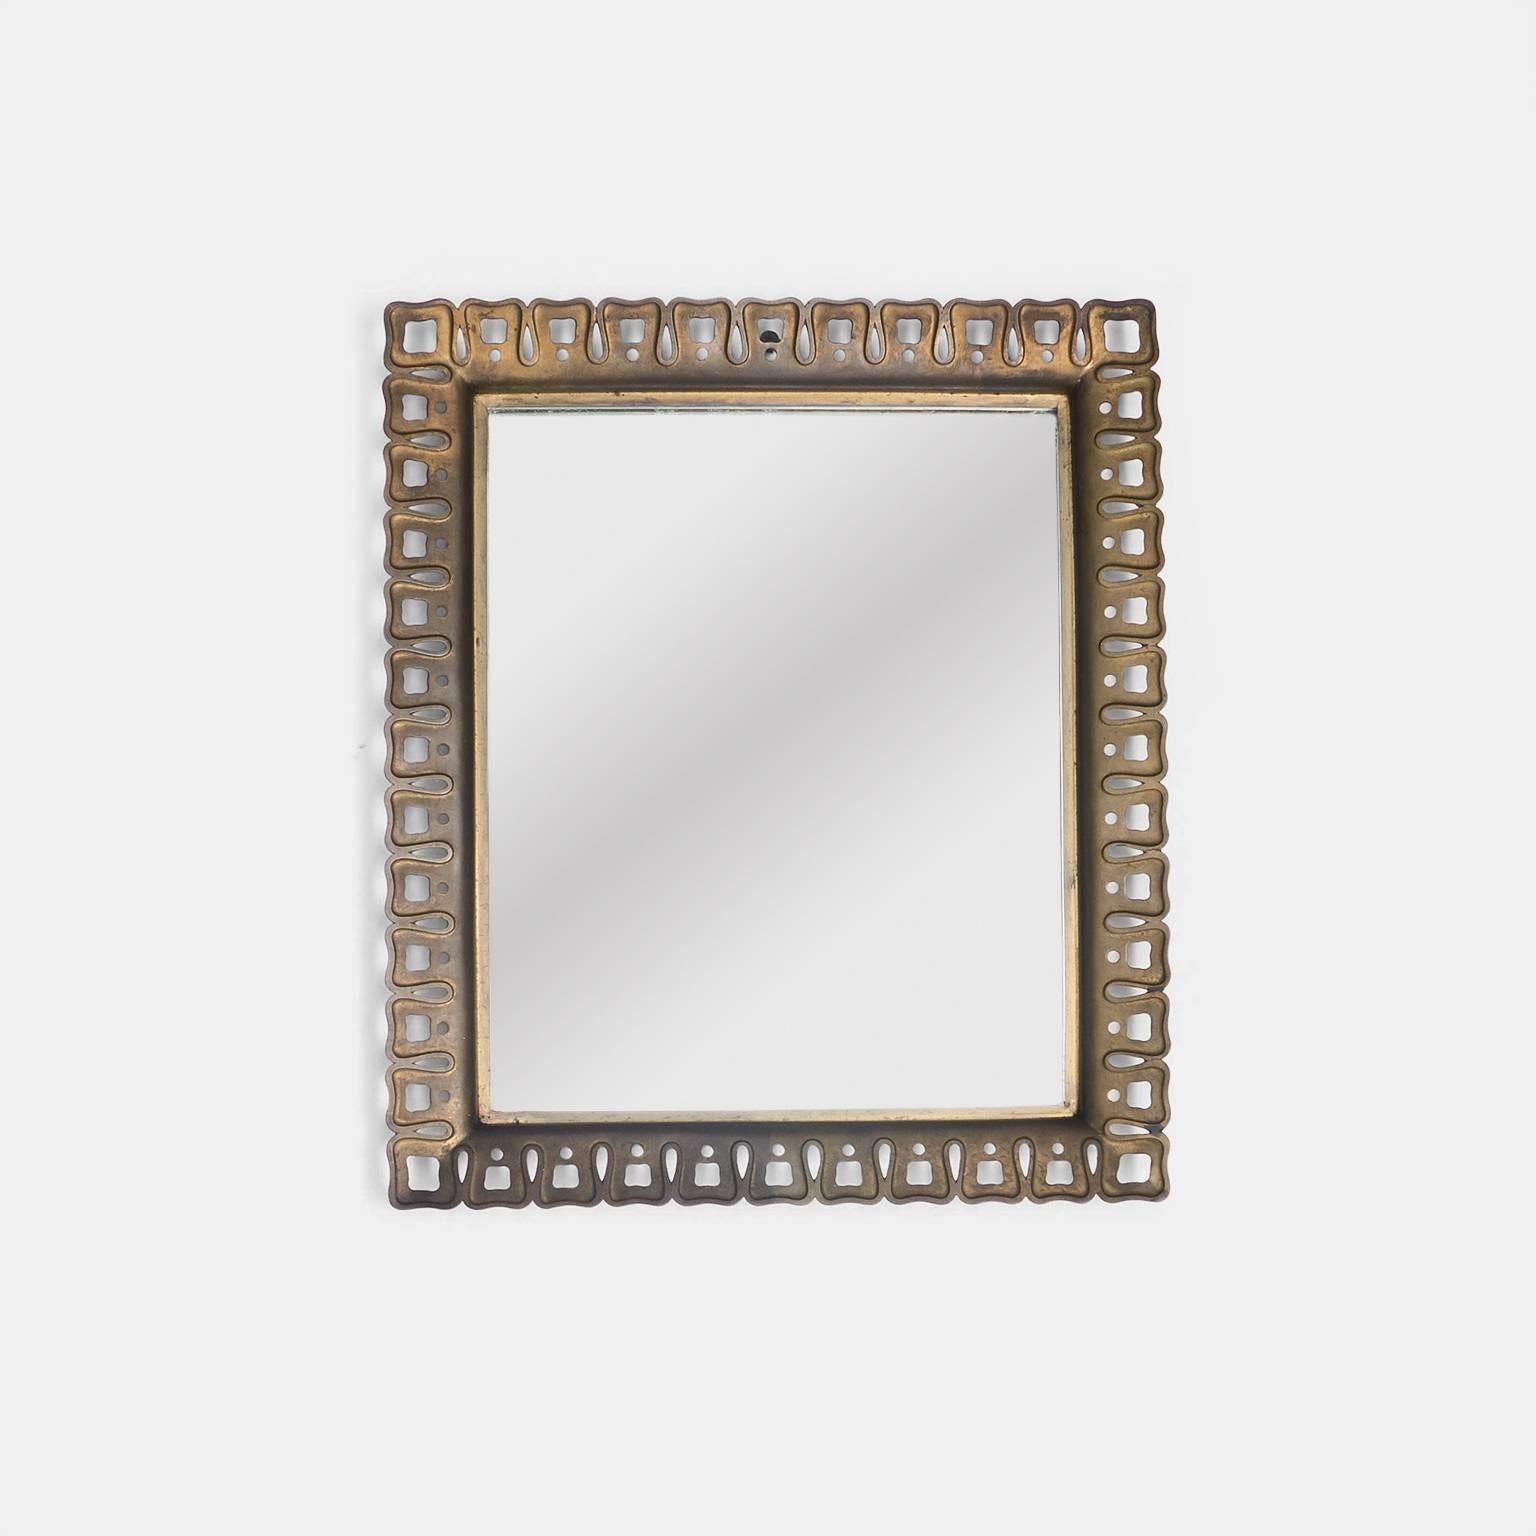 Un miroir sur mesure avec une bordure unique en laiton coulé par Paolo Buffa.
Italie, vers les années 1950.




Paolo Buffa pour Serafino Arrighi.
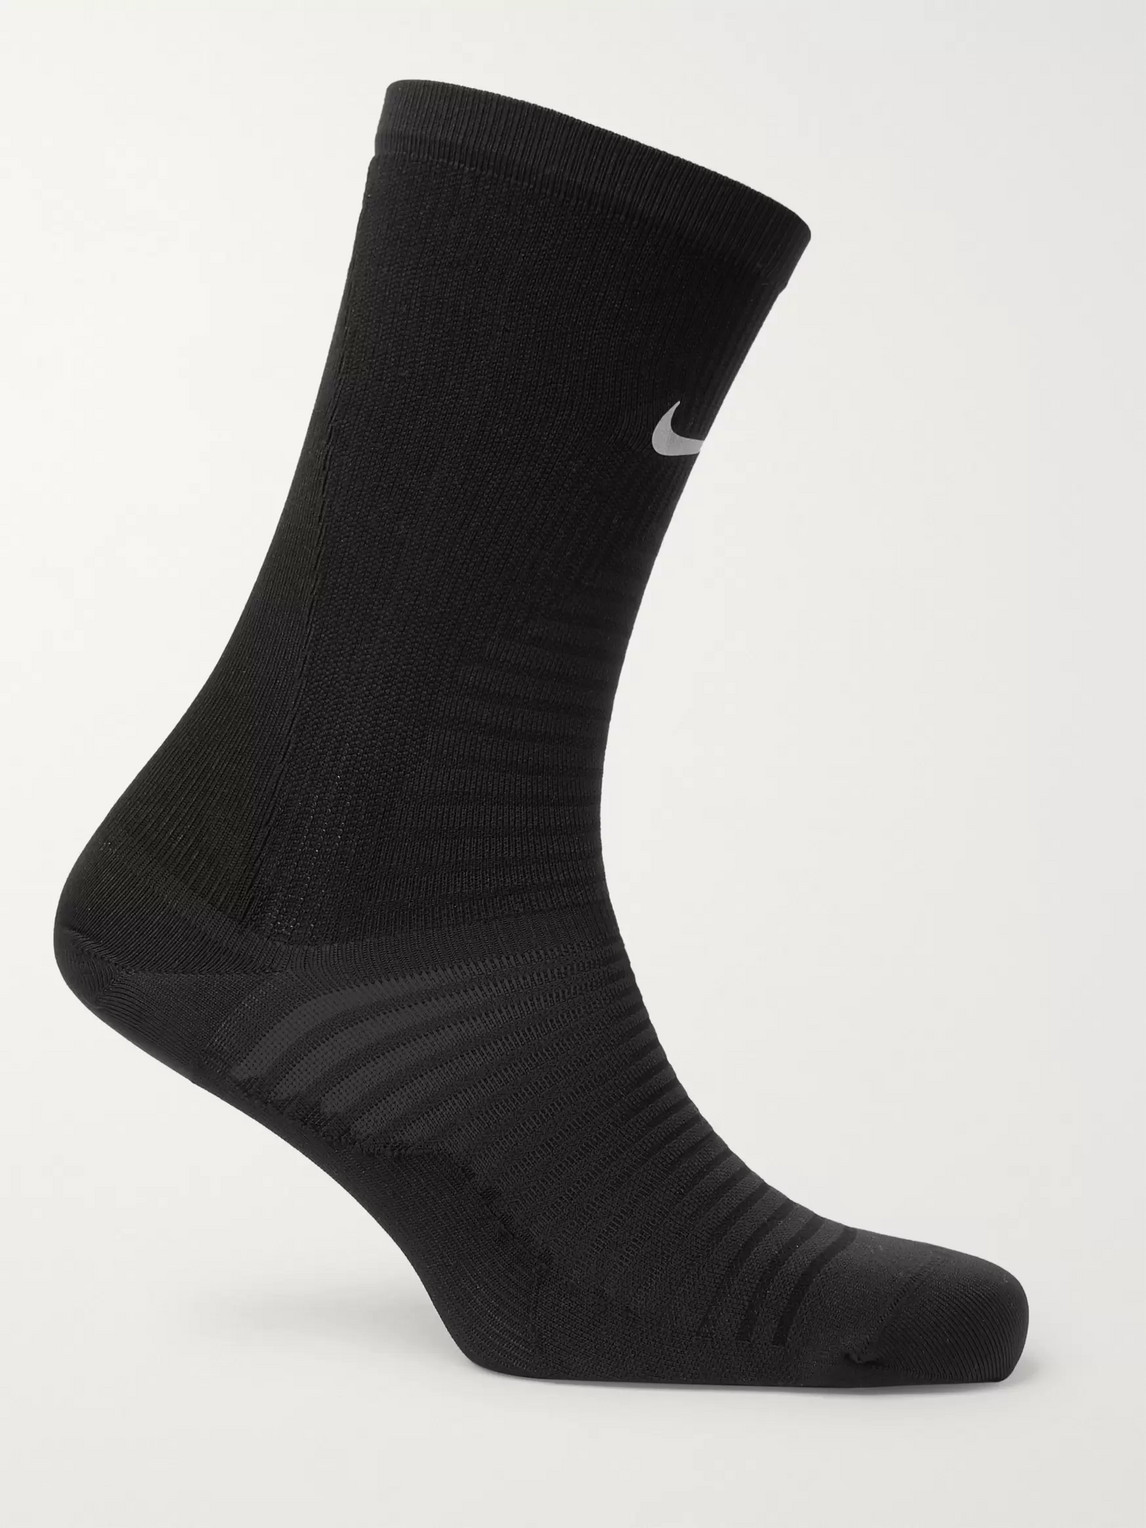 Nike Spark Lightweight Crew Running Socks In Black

==

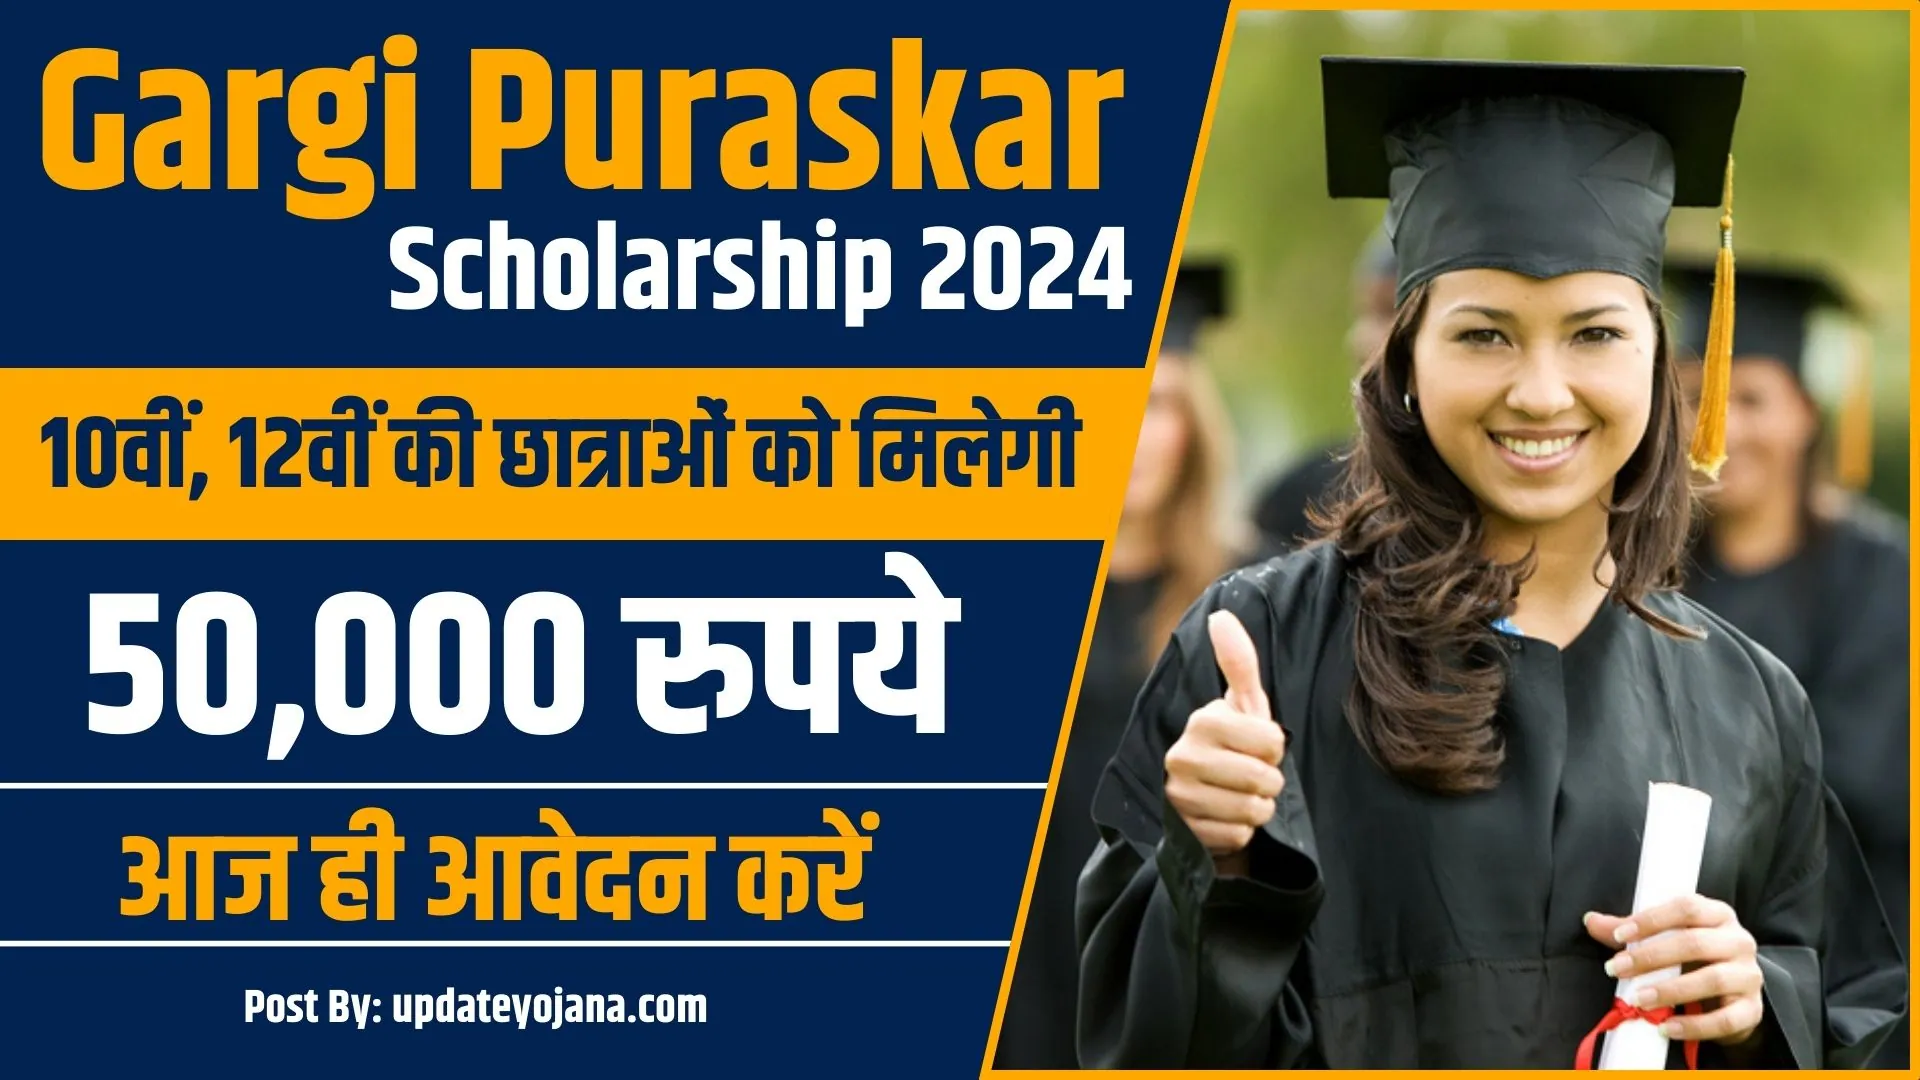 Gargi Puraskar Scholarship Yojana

--

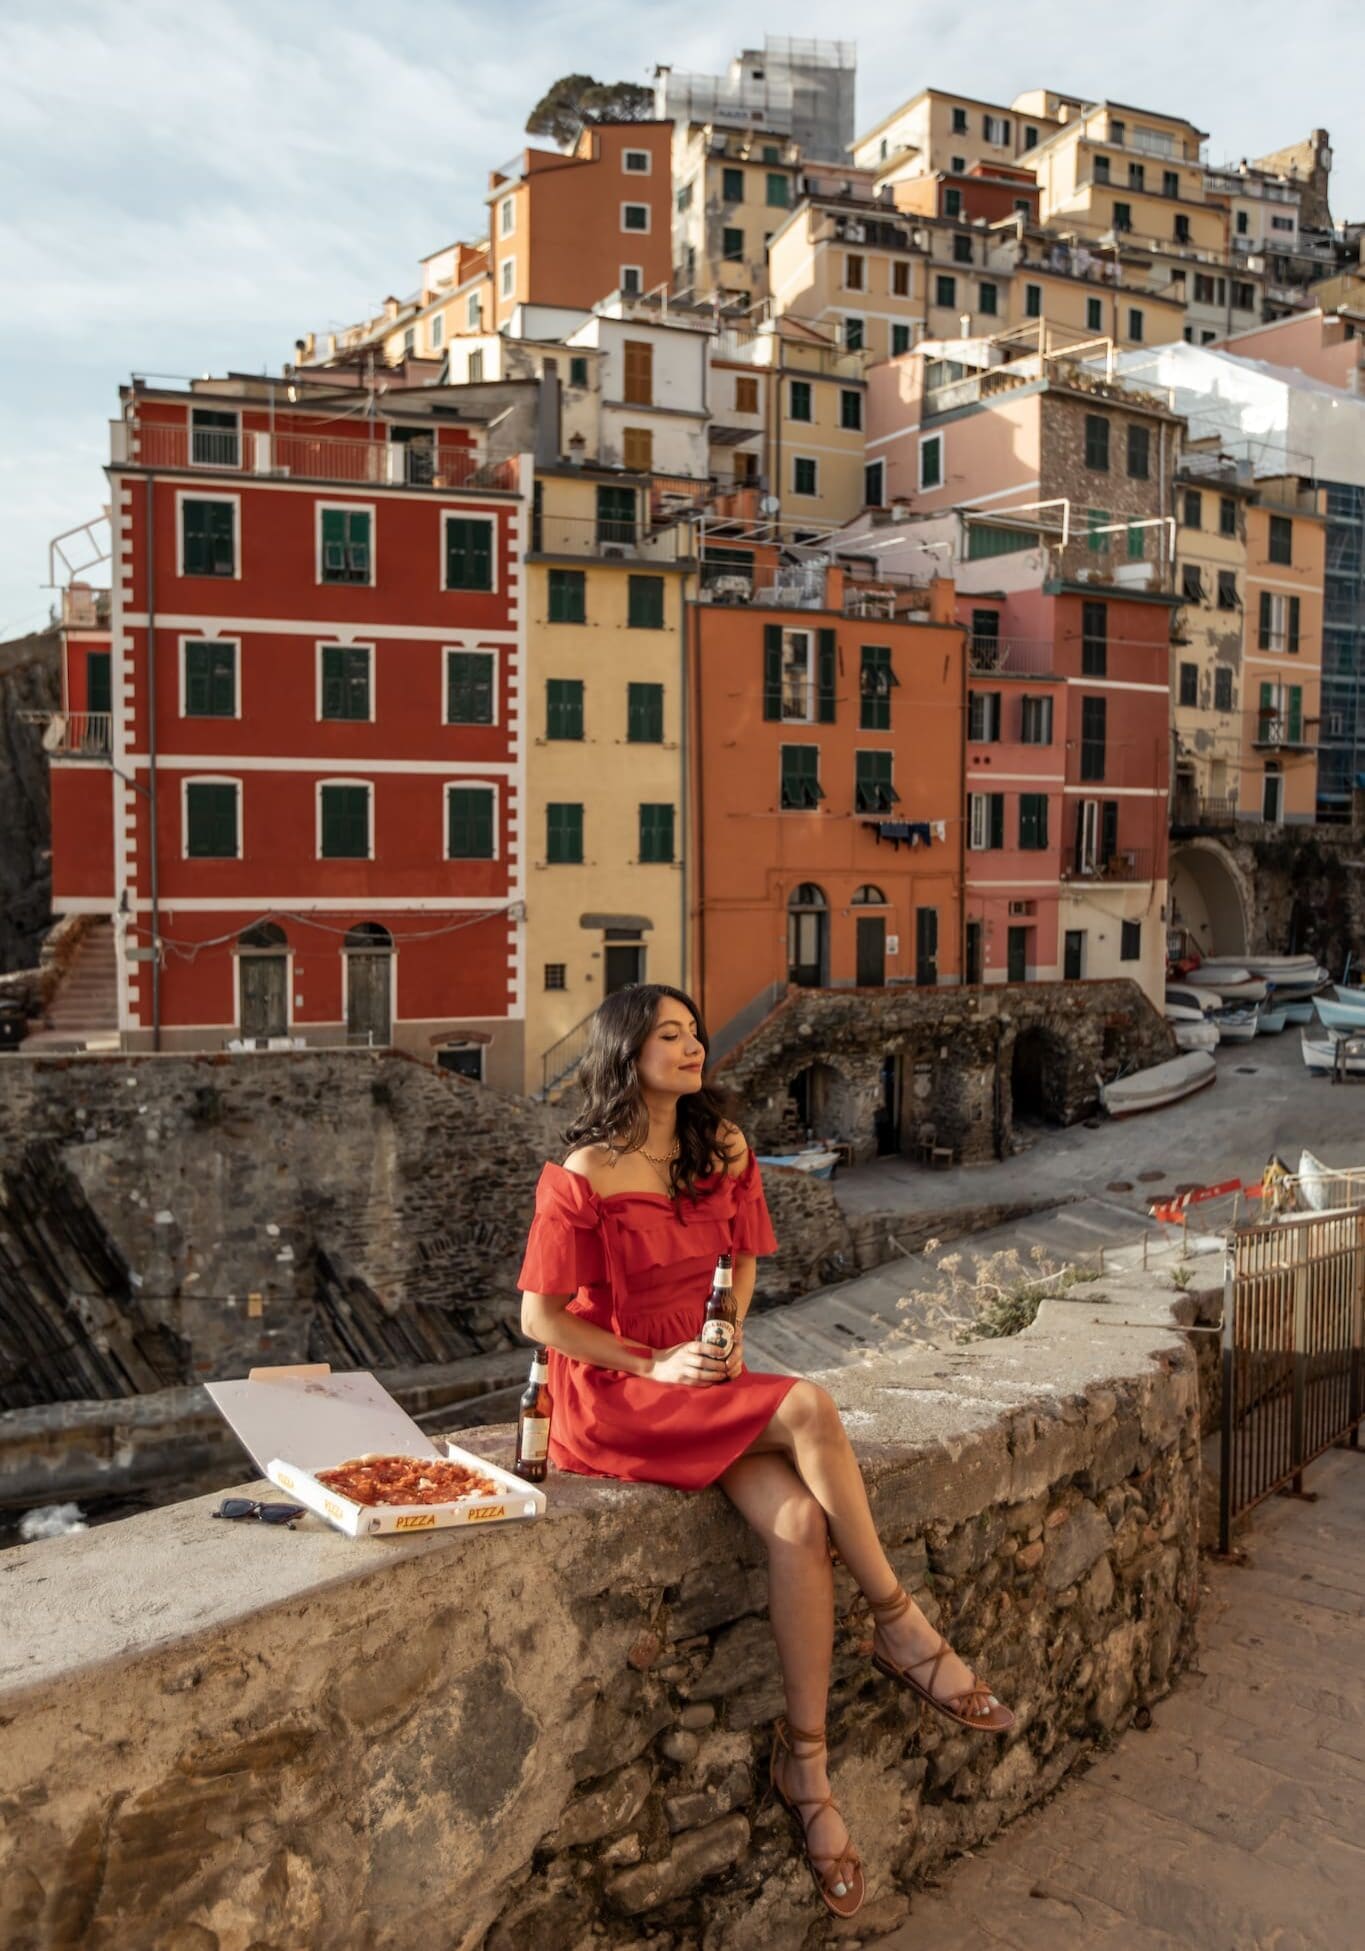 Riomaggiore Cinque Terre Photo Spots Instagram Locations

● **Task brief**
Return exactly the lines above, from the one with "Un miroir sur" up to and including the one with "Nike Spark Lightweight", and include no pictures.

● **Task answer**
 Un miroir sur mesure avec une bordure unique en laiton coulé par Paolo Buffa.
Italie, vers les années 1950.




Paolo Buffa pour Serafino Arrighi.
 Nike Spark Lightweight Crew Running Socks In Black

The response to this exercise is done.